But the game in Rudolstadt had become a veritable torment, which destroyed the husbandmen’s hopes of harvests. The peasant, to save his fields from the stags and does which broke into them in herds at sunset, tried to keep them out by means of clappers and bad odours. I have seen and smelled the so-called “Frenchman’s oil” with which the posts were smeared, that its really diabolical odour—I don’t know from what horrors it was compounded—might preserve the crops. The ornament of the forests had become the object of the keenest hate, and as soon as—shortly before we entered Keilhau—hunting was freely permitted, the peasants gave full vent to their rage, set off for the woods with the old muskets they had kept hidden in the garrets, or other still more primitive weapons, and shot or struck down all the game they encountered. Roast venison was cheap for weeks on Rudolstadt tables, and the pupils had many an unexpected pleasure.
The hunting exploits of the older scholars were only learned by us younger ones as secrets, and did not reach the teachers’ ears until long after.
But the woods furnished other pleasures besides those enjoyed by the sportsman. Every ramble through the forest enriched our knowledge of plants and animals, and I soon knew the different varieties of stones also; yet we did not suspect that this knowledge was imparted according to a certain system. We were taught as it were by stealth, and how many pleasant, delicious things attracted us to the class-rooms on the wooded heights!
Vegetation was very abundant in the richly watered mountain valley. Our favourite spring was the Schaalbach at the foot of the Steiger,—[We pupils bought it of the peasant who owned it and gave it to Barop.]— because there was a fowling-floor connected with it, where I spent many a pleasant evening. It could be used only after breeding-time, and consisted of a hut built of boughs where the birdcatcher lodged. Flowing water rippled over the little wooden rods on which the feathered denizens of the woods alighted to quench their thirst before going to sleep. When some of them—frequently six at a time—had settled on the perches in the trough, it was drawn into the but by a rope, a net was spread over the water and there was nothing more to do except take the captives out.

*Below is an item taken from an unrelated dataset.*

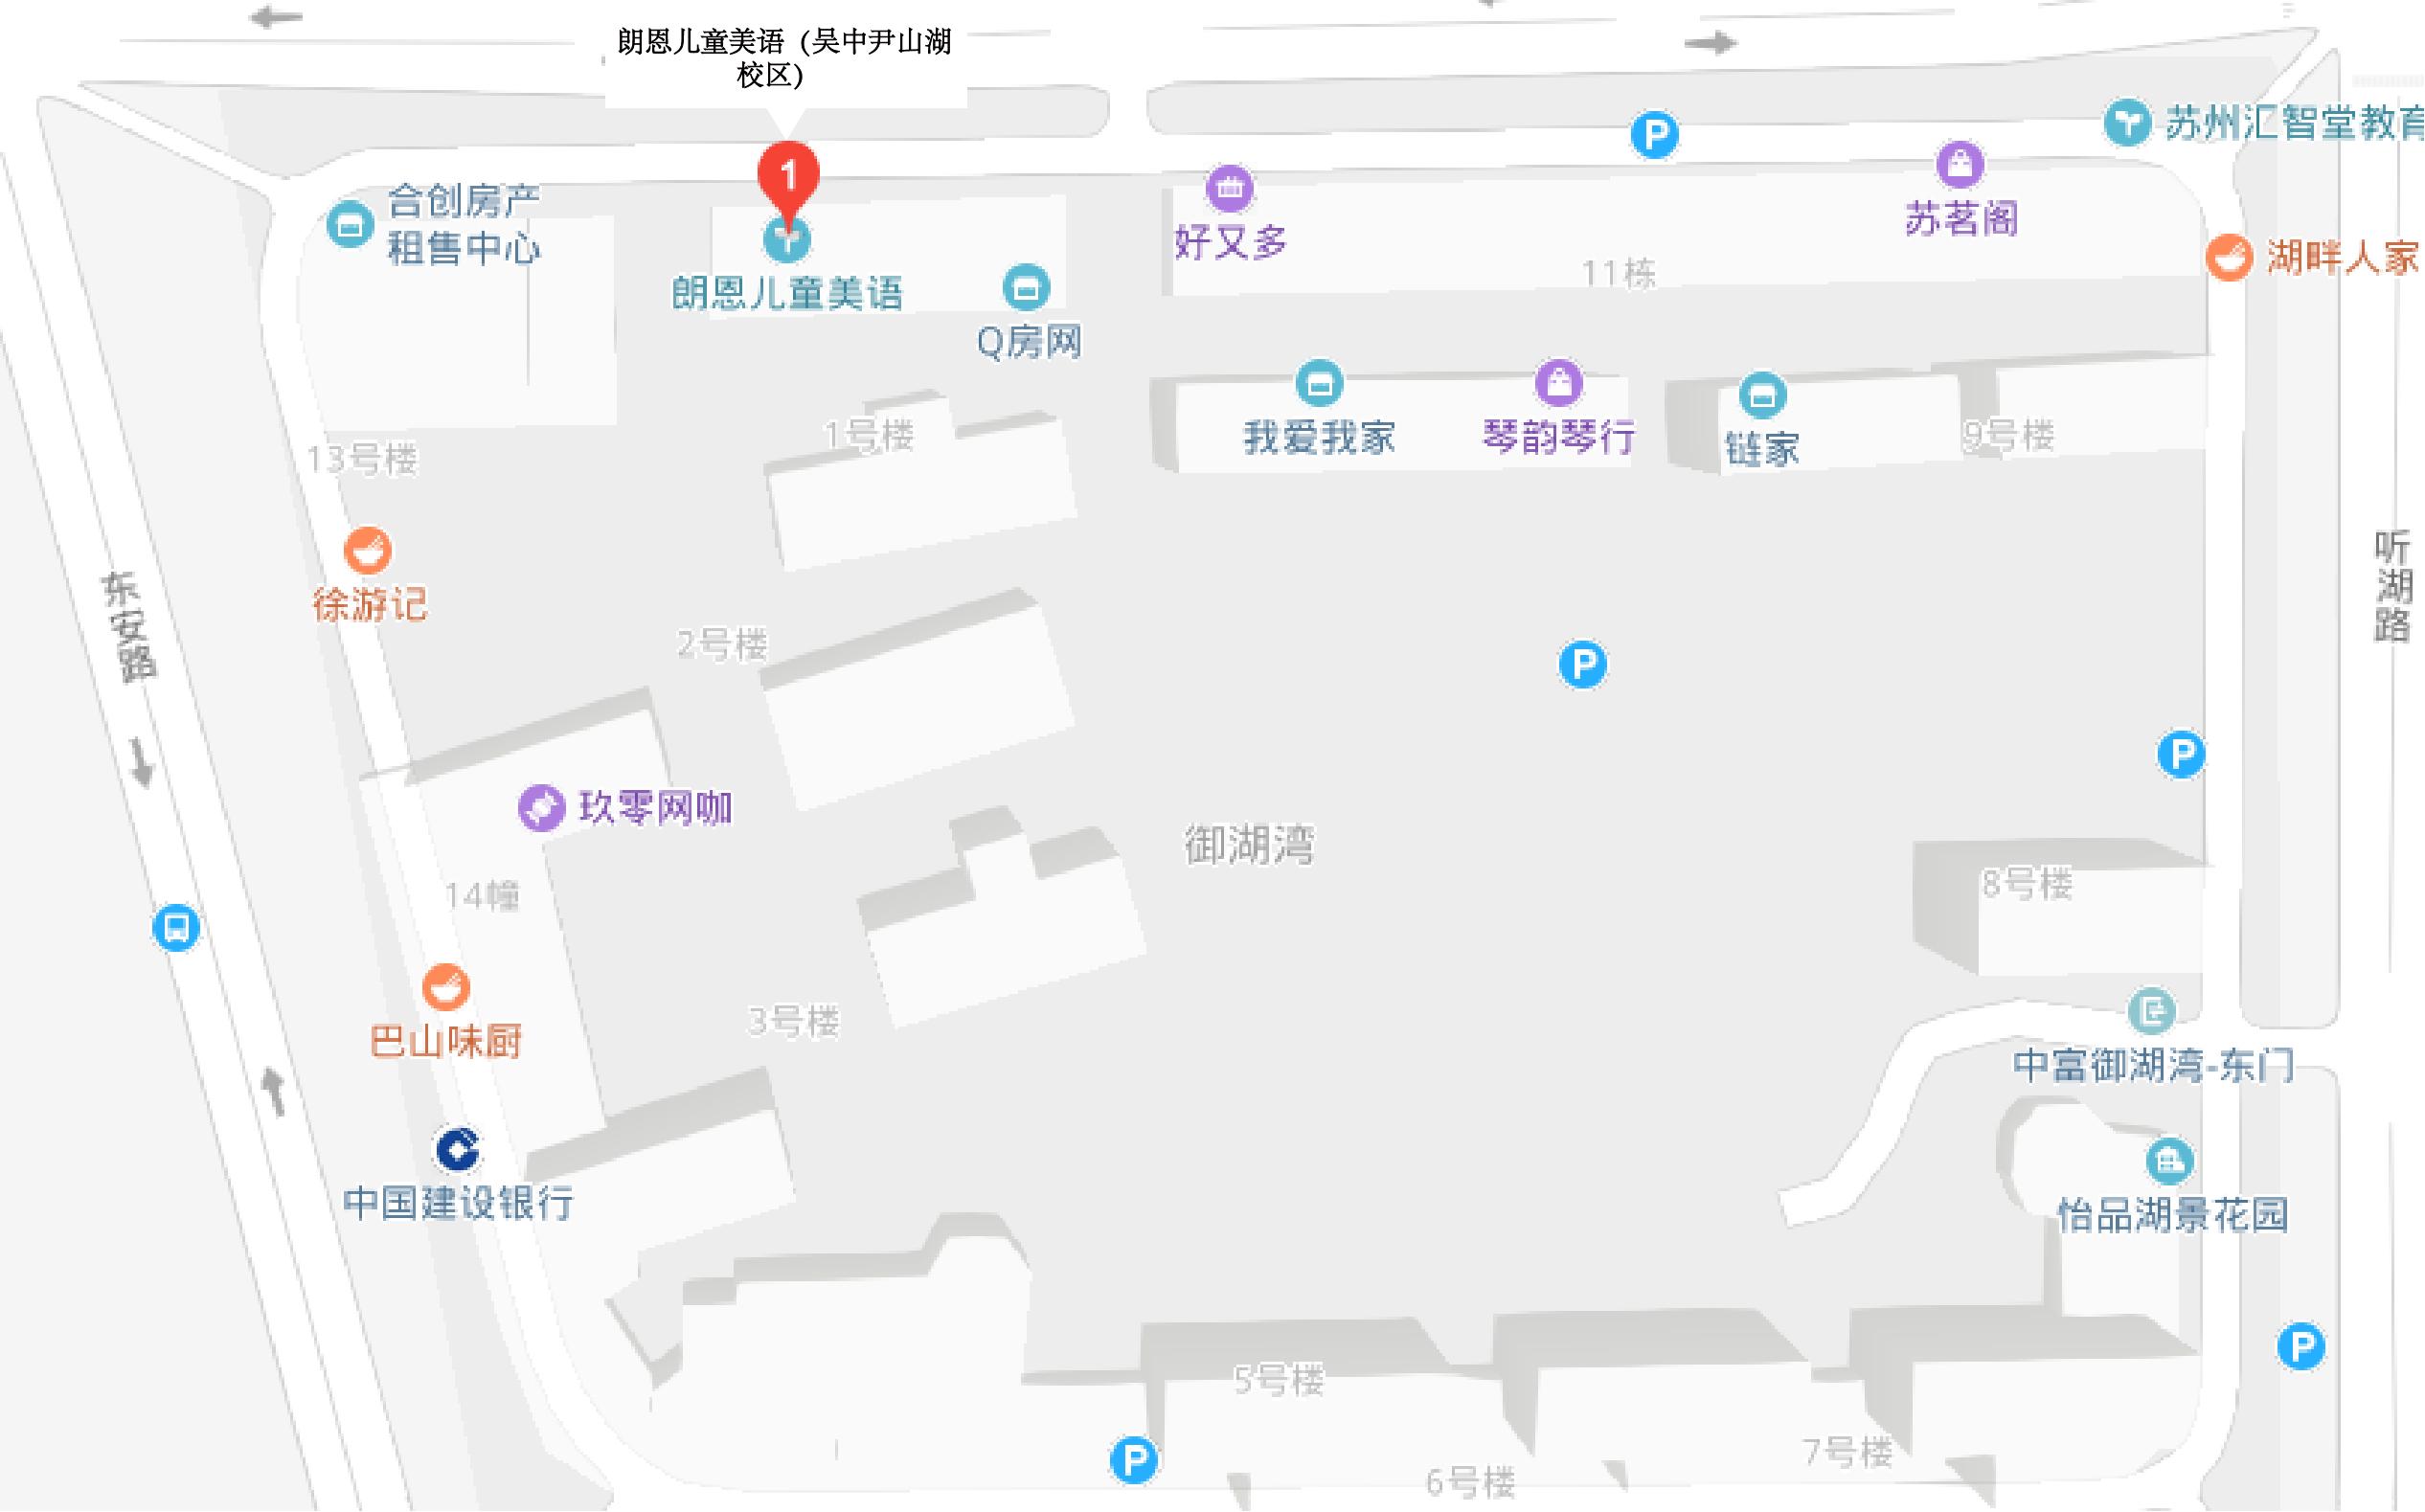 苏州吴中尹山湖校区

The name of the director of this amusement was Merbod. He could imitate the voices of all the birds, and was a merry, versatile fellow, who knew how to do a thousand things, and of whom we boys were very fond.
The peasant Bredernitz often took us to his crow-hut, which was a hole in the ground covered with boughs and pieces of turf, where the hunters lay concealed. The owl, which lured the crows and other birds of prey, was fastened on a perch, and when they flew up, often in large flocks, to tease the old cross-patch which sat blinking angrily, they were shot down from loop-holes which had been left in the hut. The hawks which prey upon doves and hares, the crows and magpies, can thus easily be decimated.